Geely, describing its performance as “below management’s expectations”, blamed weak demand and fierce competition, as well as the US-China trade war and the rush by local governments to implement new emissions standards in major cities.

In a stock filing, the Chinese carmaker said its total sales in the first six months of the year in China fell 19 per cent year on year to 613,061 units. That is at a time when overall passenger vehicle sales in China fell 21.7 per cent, according to the China Association of Automobile Manufacturers.

Meanwhile, Cathay Pacific Airways, which last week found itself sucked up into fallout from the protests that have rocked Hong Kong, closed down 2.25 per cent at HK$10.42. The city’s flagship carrier is trying to get beyond controversy that damaged its brand with all-important Chinese travellers and led to the ouster of its CEO, Rupert Hogg.

Rising stocks included China Resources Beer Holdings, which jumped 3.1 per cent to HK$43.20, and Sino Biopharmaceutical, which gained 3.6 per cent to HK$10.46.

And AAG Energy, mainland China’s largest non-state controlled producer of natural gas, surged, closing up 7.9 per cent at HK$1.37, after it posted a 64.6 per cent year on year jump in net profit to 338.6 million yuan for the year’s first half.

Hotpot chain Haidilao International Holding’s shares shot up 7.7 per cent to HK34.30. At one point it was at an all-time intraday high of HK$35.3. Haidilao reported on Tuesday that its net profit surged by 41 per cent in the first half from the same period last year.

Yihai International Holding, which supplies condiments to Haidilao, climbed 2 per cent to HK$47.25.

On the mainland, information technology and real estate stocks helped the Shanghai Composite Index limp across the day’s finish line with a claim to gains.
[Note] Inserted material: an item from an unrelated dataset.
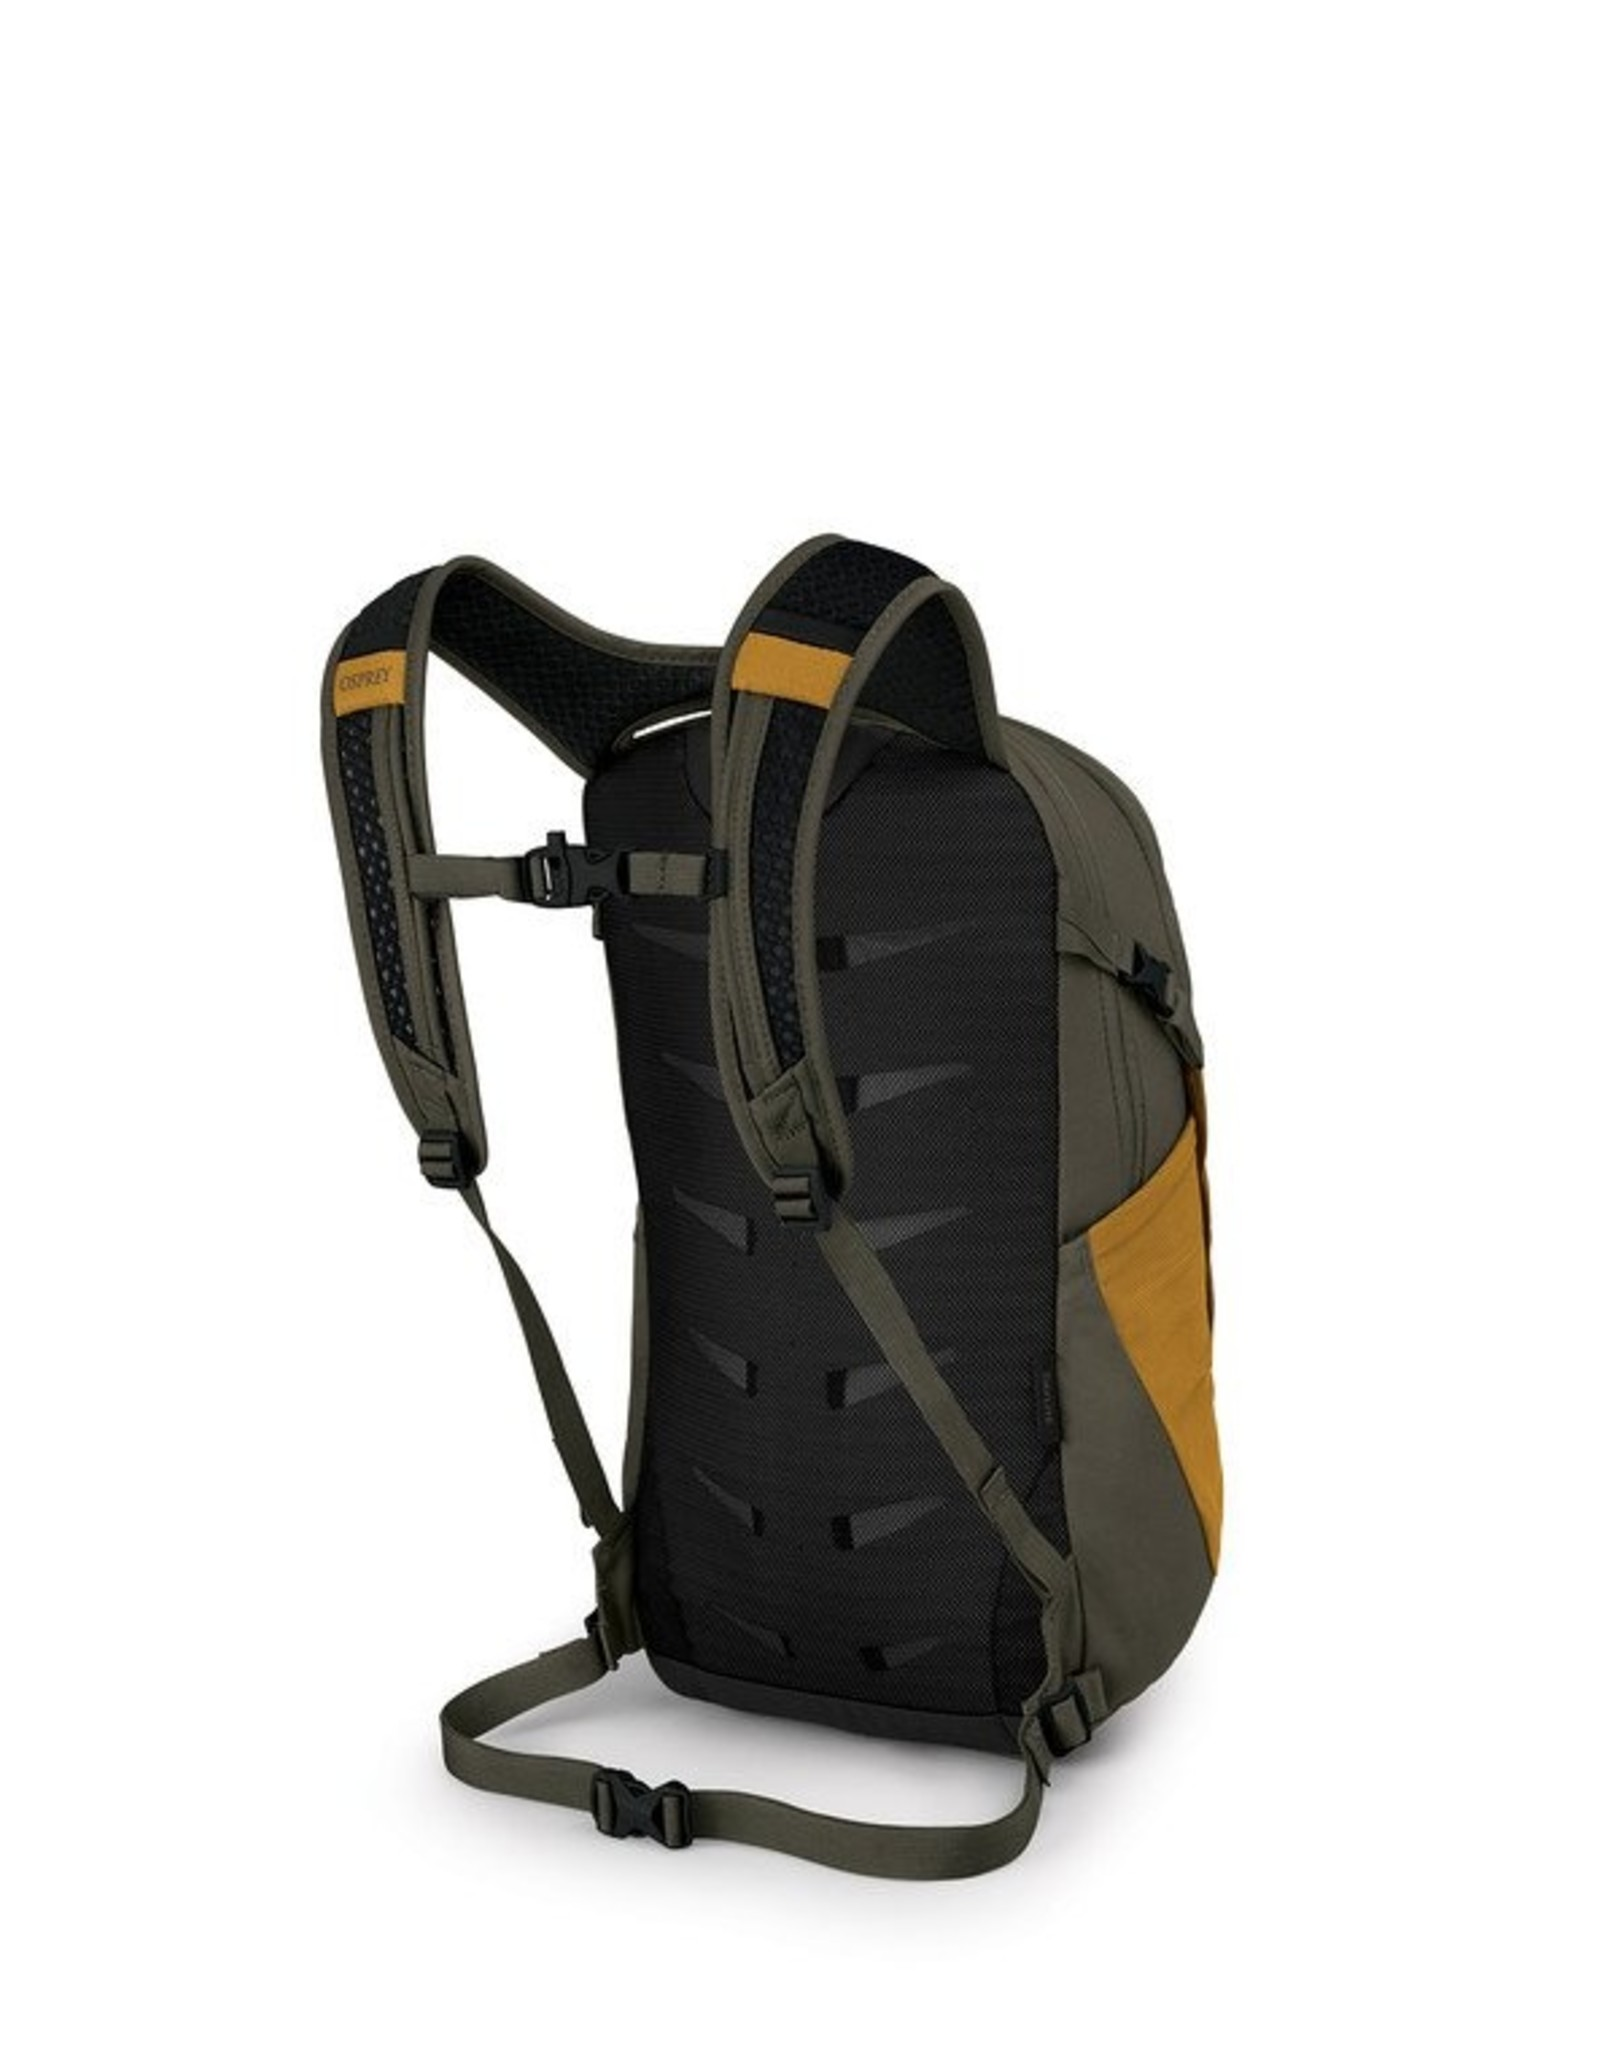 Osprey Osprey Daylite 13L Pack Teakwood Yellow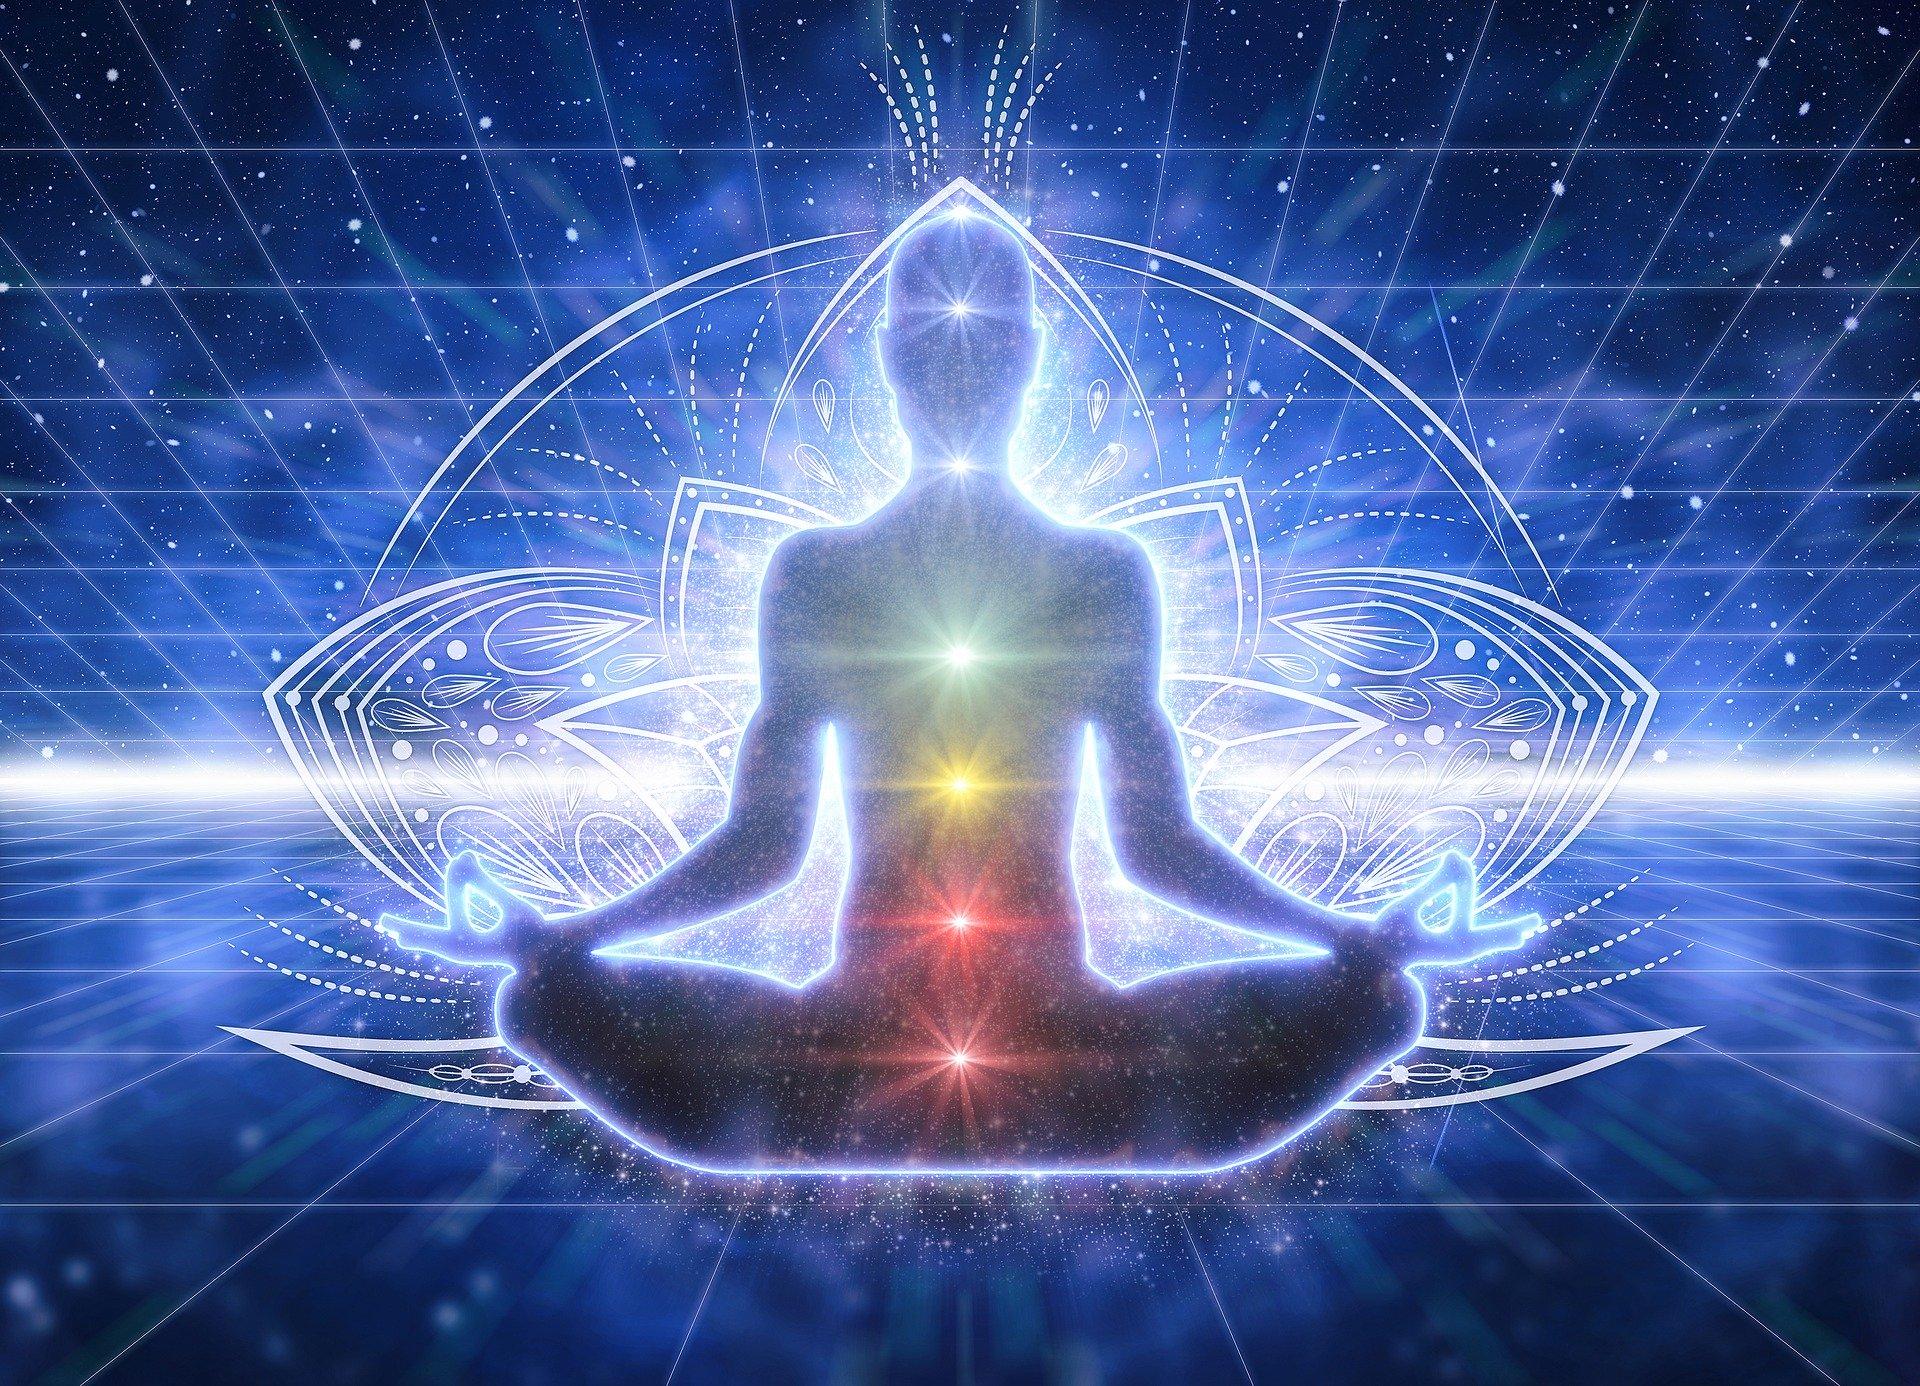 glanda pineala - sfatulparintilor.ro - pixabay-com - spiritualism-4552237_1920

Eleven stocks, representing a range of sectors, ended the day at or near the upside 10 per cent limit. They included Shanghai Shibei Hi-Tech, a real estate business operator based in Shanghai, Shanghai Shenda, a textile importer and exporter, and Dynagreen Environmental Protection Group, which is based in Shenzhen and collects and incinerates garbage.

Meanwhile, Kweichow Moutai slipped 0.37 per cent to 1,066 yuan. That was the eighth consecutive trading day that the world’s largest liquor maker has closed above 1,000 yuan.

It became the first Chinese company to sail across that threshold on July 1, and it stayed there the following day. But then it had a streak where it could not get back to that level.